Sunday, February 27, 2011

Match Play



I got a call the other day from the National Marrow Donation Program that I might be a potential match for a patient with lymphoma.

I don't remember exactly when I signed up for the registry.  Most likely, I did it back when I was in graduate school and thus more susceptible to the pull of good causes.

While I don't remember signing up, I do remember thinking that I would never in a million years be asked to donate; the odds were just too long, I figured.  And besides, most people who needed bone marrow would just get it from a family member anyway. 

Since I got the phone call about being a possible match, I did a little research.  The National Bone Marrow Program has almost 7 million people registered.  That's a pretty impressive number, until you consider that according to the latest census, there are approximately 308 million people in the United States.  That means that just over 2% of the population is on the registry.  Factor in that 70% of patients who need bone marrow don't find a match withing their family, and the number seems even smaller.

I'm in a wait-and-see mode right now, as they do more tests on my blood to see if I am, indeed, a match.  And I'm not going to lie, I have reservations about donating should I be a match.  But I don't see how I could possible say no.  How can you take away someone's hope like that? 

Monday, February 21, 2011

Accurate Signs



Yep, turns out that's right.

Monday, February 7, 2011

Nerdy Winter Maintenance



Before I started running a lot, I used to wonder what people thought about when they ran long distances.

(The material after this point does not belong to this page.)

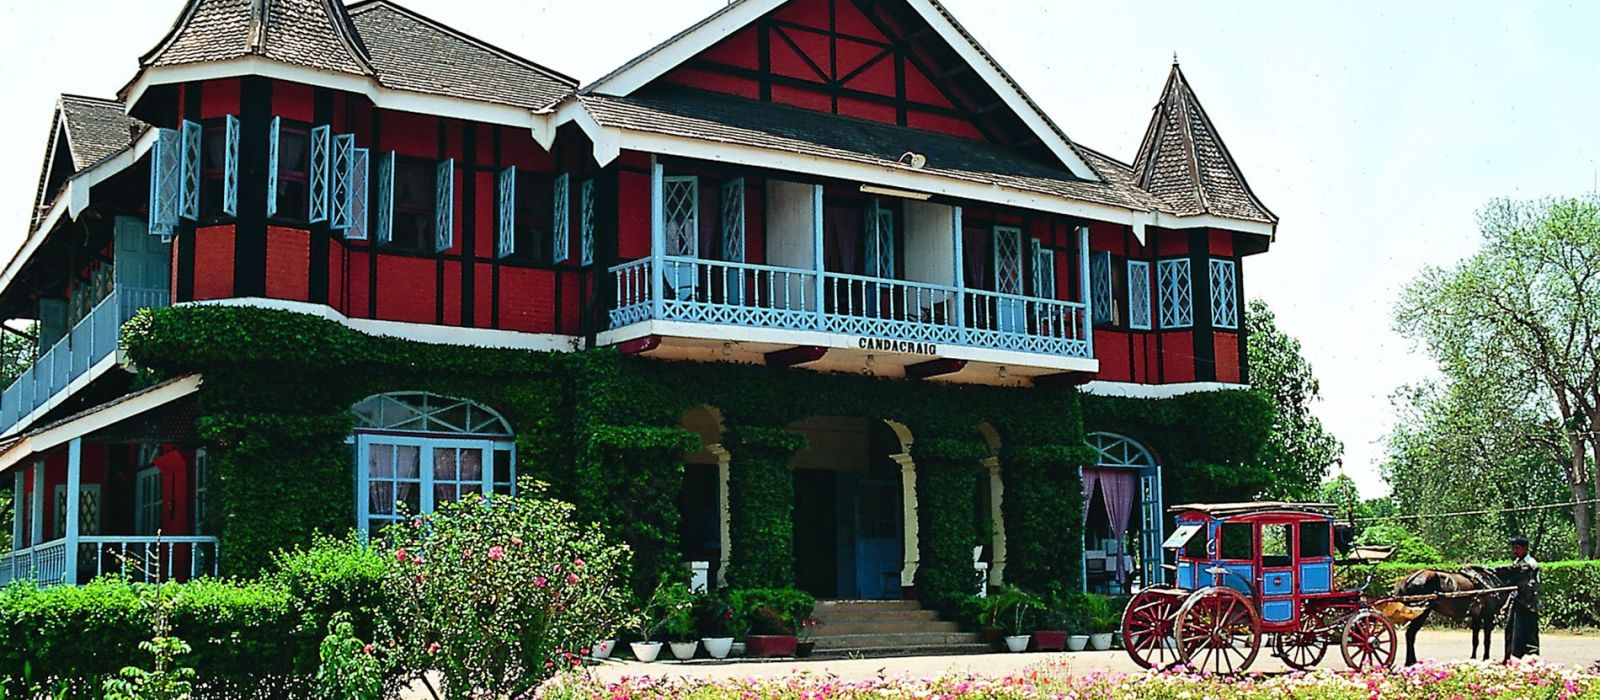 Destination Pyin Oo Lwin Myanmar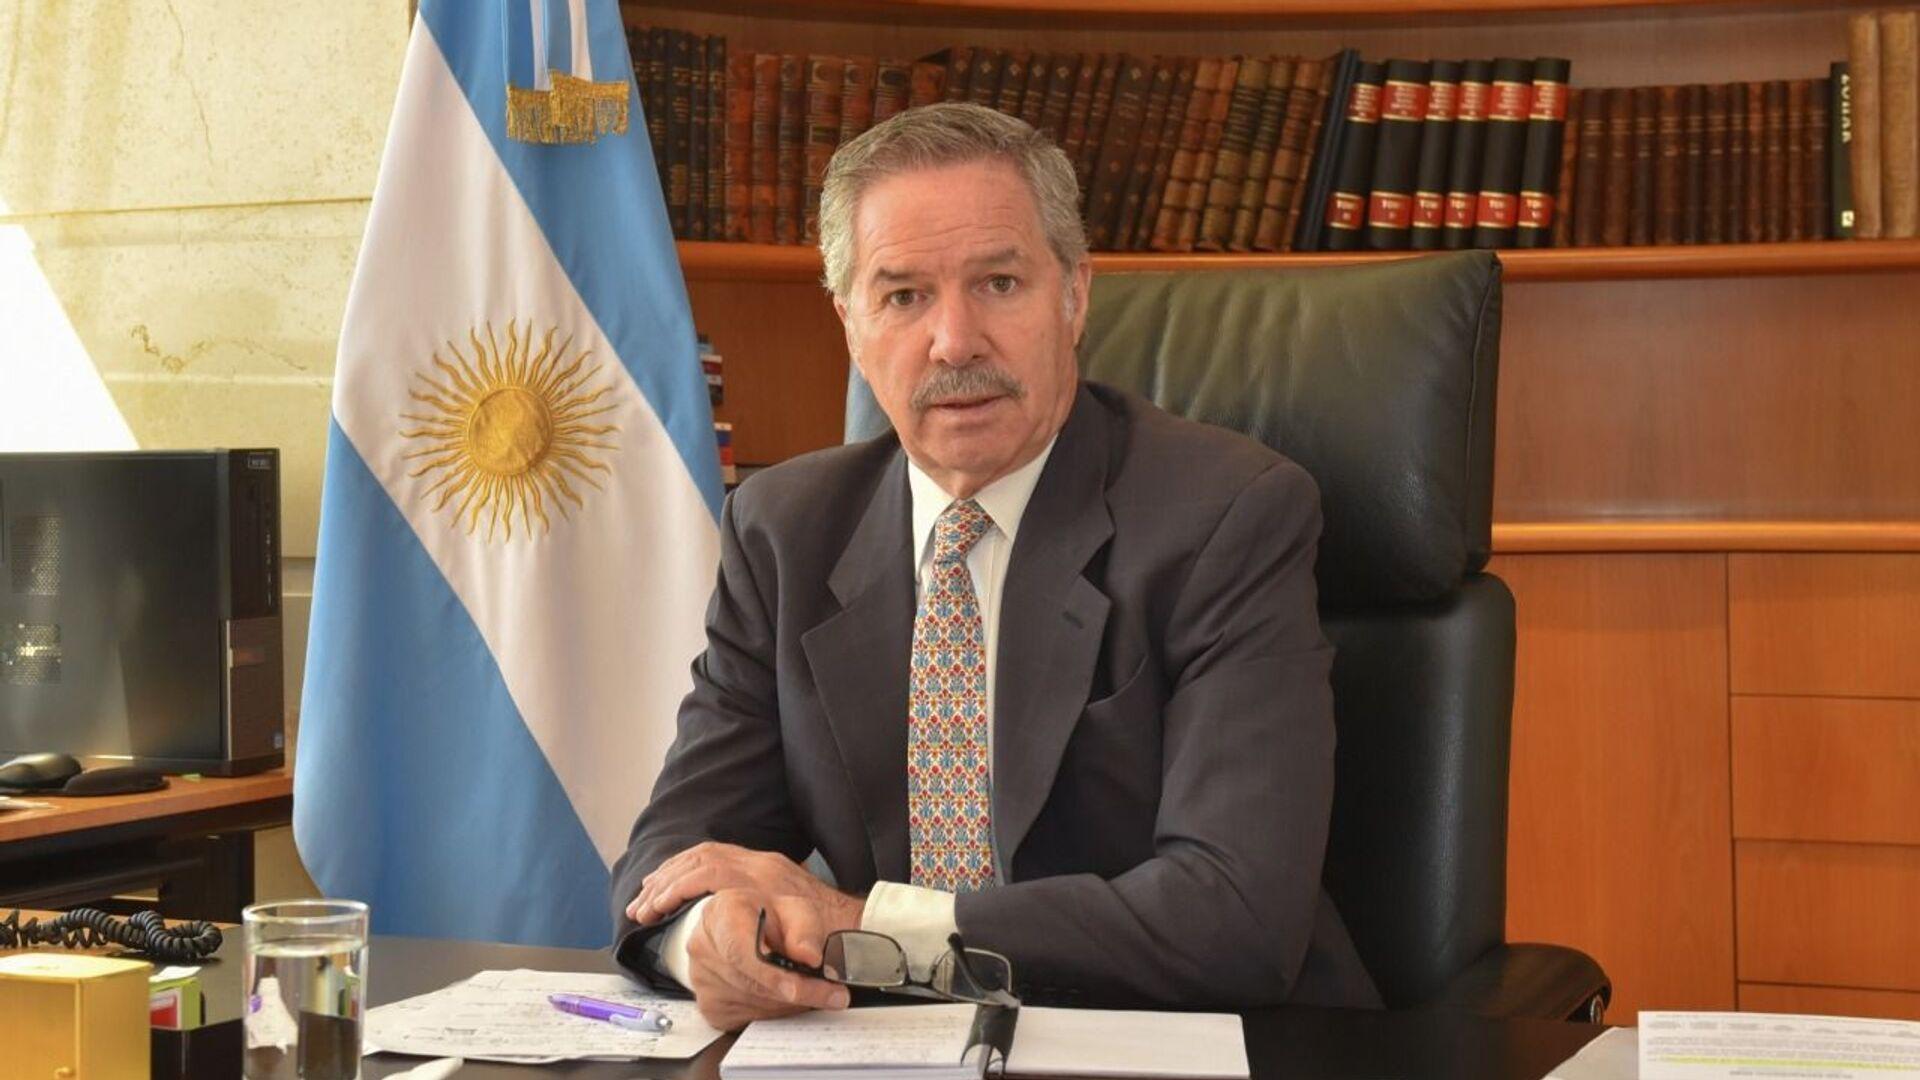 Felipe Solá, el ministro argentino de Relaciones Exteriores  - Sputnik Mundo, 1920, 05.07.2021

I mentioned this to a friend of mine whose parents were marathoners, and he looked at like I was stupid and said dismissively, "What don't you think about?"

I was thinking about this yesterday as I was engaging in what passes for marathons these days, shoveling ice and snow from my driveway, when I became aware of exactly what I think about when I'm doing this chore.  At the risk of forever identifying me as a nerd, here's what it is: I think about Moby Dick, specifically chapter 67, "Cutting In," where Melville describes the process of butchering a whale.  Something about chopping the ice with that ice chopping tool.

"Now as the blubber envelopes the whale precisely as the rind does an orange, so is it stripped off from the body precisely as an orange is sometimes stripped by spiralizing it. For the strain constantly kept up by the windlass continually keeps the whale rolling over and over in the water, and as the blubber in one strip uniformly peels off along the line called the 'scarf,' simultaneously cut by the spades of Starbuck and Stubb, the mates; and just as fast as it is thus peeled off, and indeed by that very act itself, it is all the time being hoisted higher and higher aloft till its upper end grazes the main-top; the men at the windlass then cease heaving..."

Tuesday, February 1, 2011

Fitness Room TV Rage

It's winter.  There's a lot of snow on the ground, and there's more to come.  I can't run outside because I don't want to risk hitting an icy spot.  Plus, my younger son is playing in the Hampshire Regional Y's basketball league this year, which means practice during the week and games on Saturday. As a result of all of this winter horror, I find myself spending a lot more time working out at the Y these days.   

I'm not complaining.  I've got to do something to stave off cabin fever, and the Y is just as good a place as any, I guess.   But it recently occurred to me that when you exchange the freedom of exercising outside for the warm confines of the Y, you're also giving up a tiny part of yourself to an institution.  The Y may be family friendly and all, but it's an institution nonetheless, with its own quirky rules, both written and unwritten.  And my God, have you seen some of those classes?  The way the instructor gets everyone doing the same thing at the same time? 

So take a hard winter and an institutional, soul-crushing mindset and you've got a recipe for trouble.  The discontent bubbles to the surface most notably in the cardio room, where members sweat as they manipulate various machines in front of a bank of flat screen televisions.  Everything will look hunky-dory until Channel Changing Time comes.  The staff working the cardio room are slaves to these blue binders that apparently outline in minute detail what channels should be showing what shows, when.  The idea, I suppose, is to remove the personal preference for a set of rules.  (If that's not institutional, I don't know what is.)

Of course, the problem with these institutional rules is that they don't take into account the human element.  If the rules say change the channel from X to Y at Z time, the rules don't take consider either what might be on, or what people might want to watch.  This is why lately I've found myself being entertained by infomercials for weight loss programs and The 700 Club.

I like to think that the anger from watching these shows makes me workout harder.

But I don't know how much longer I can keep it up.

That damn groundhog better not see his shadow tomorrow.